> The data:
◇ ◇ ◇ ◇ ◇

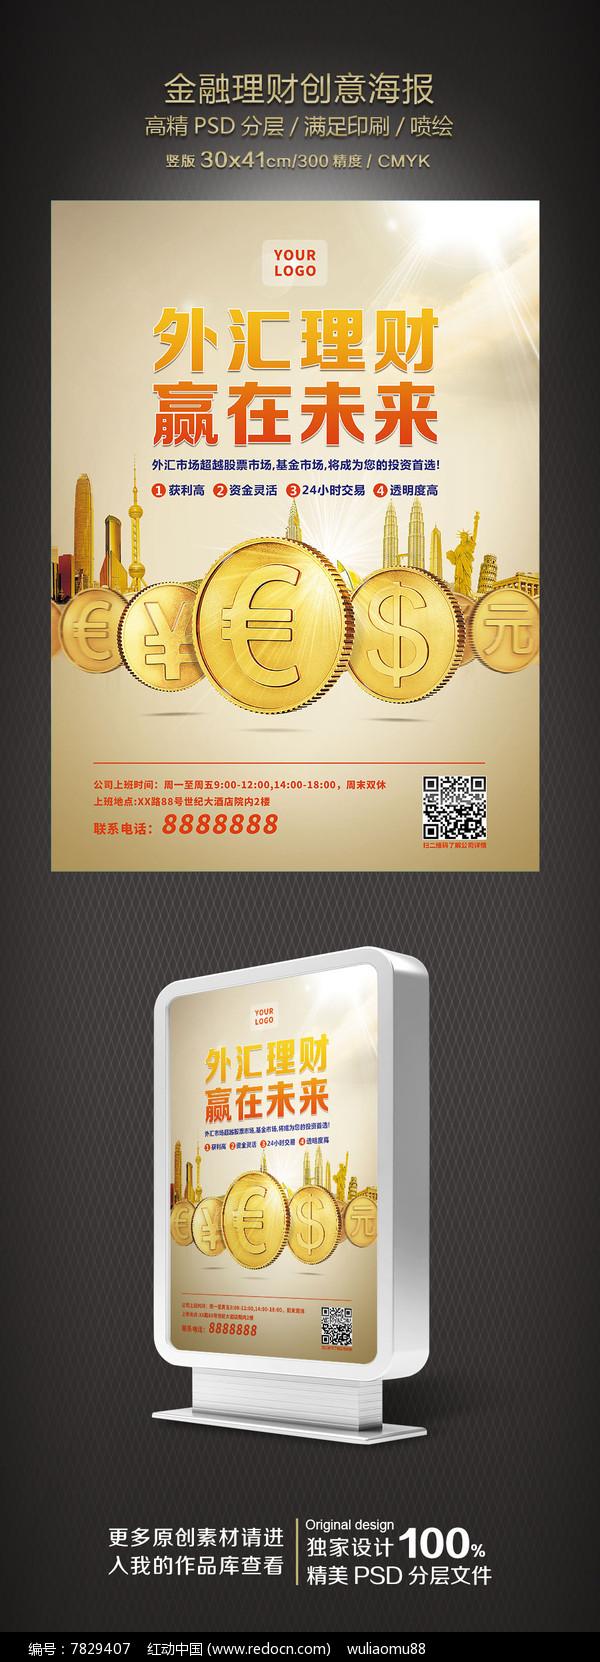 金融理财产品宣传海报模版图片
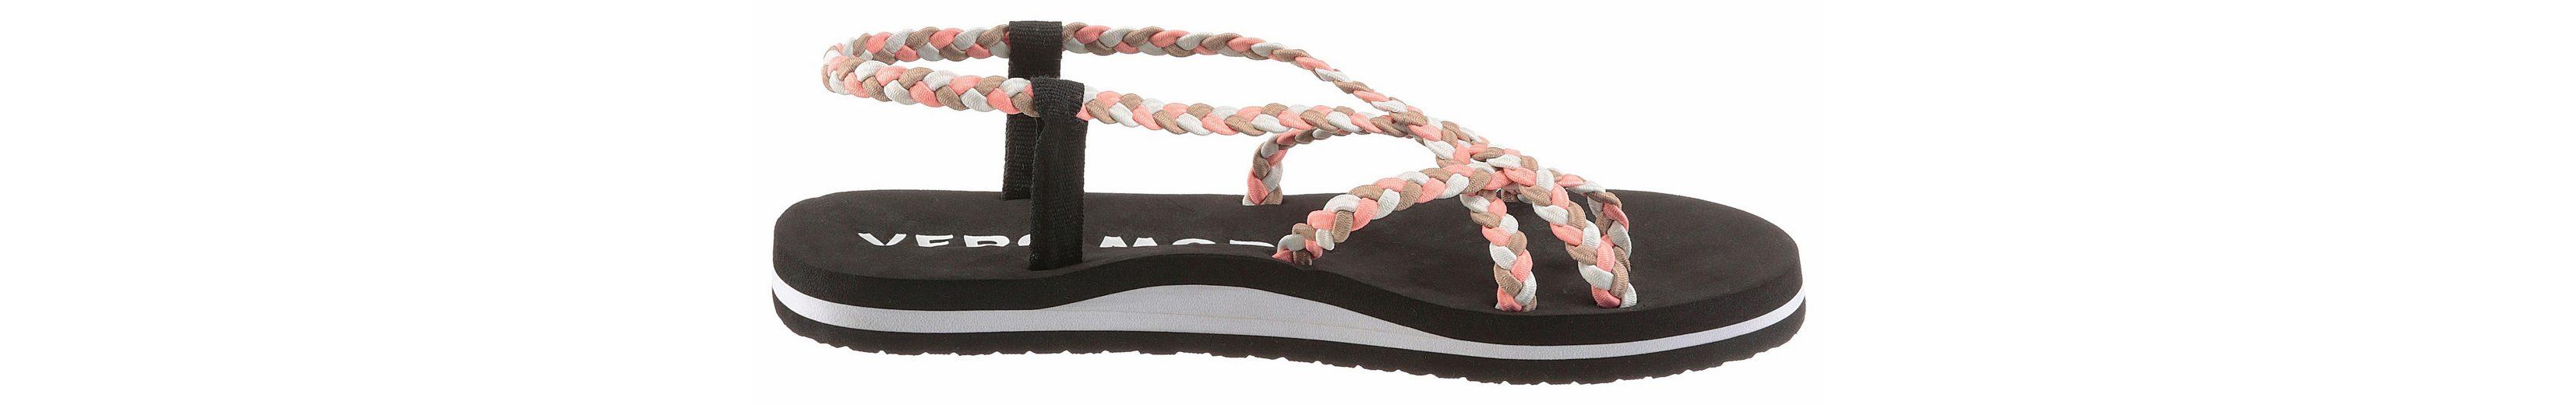 Vero Moda Riemchensandale, mit Textilschlaufen
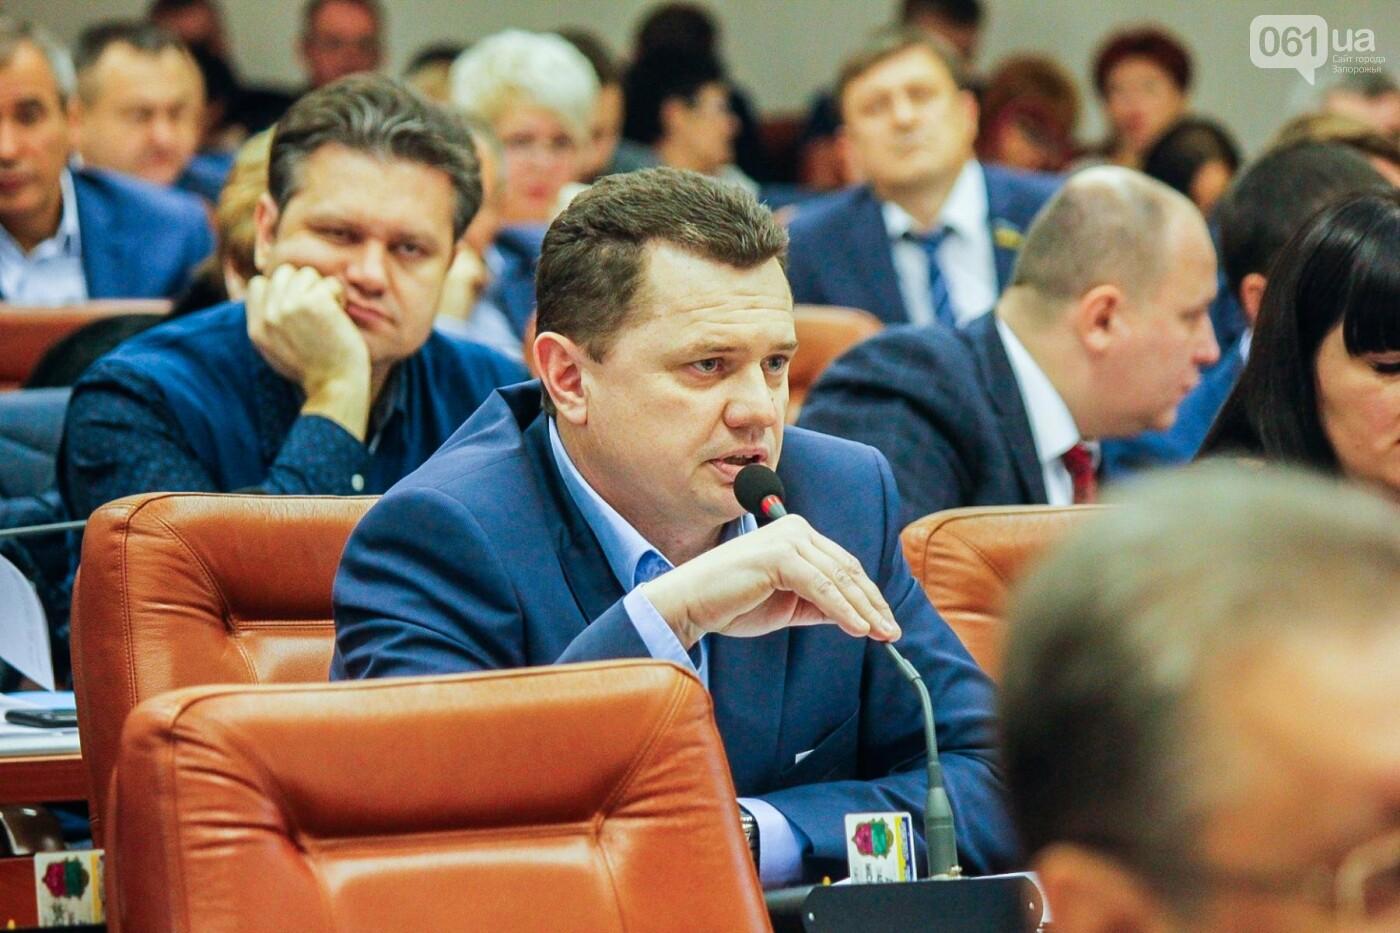 Сессия запорожского горсовета в лицах, - ФОТОРЕПОРТАЖ, фото-40

◇ ◇ ◇ ◇ ◇

> The problem:
Word for word, quote the full listing, omitting every picture.

> Answer to the problem:
 金融理财产品宣传海报模版图片
 Vero Moda Riemchensandale, mit Textilschlaufen
 Сессия запорожского горсовета в лицах, - ФОТОРЕПОРТАЖ, фото-40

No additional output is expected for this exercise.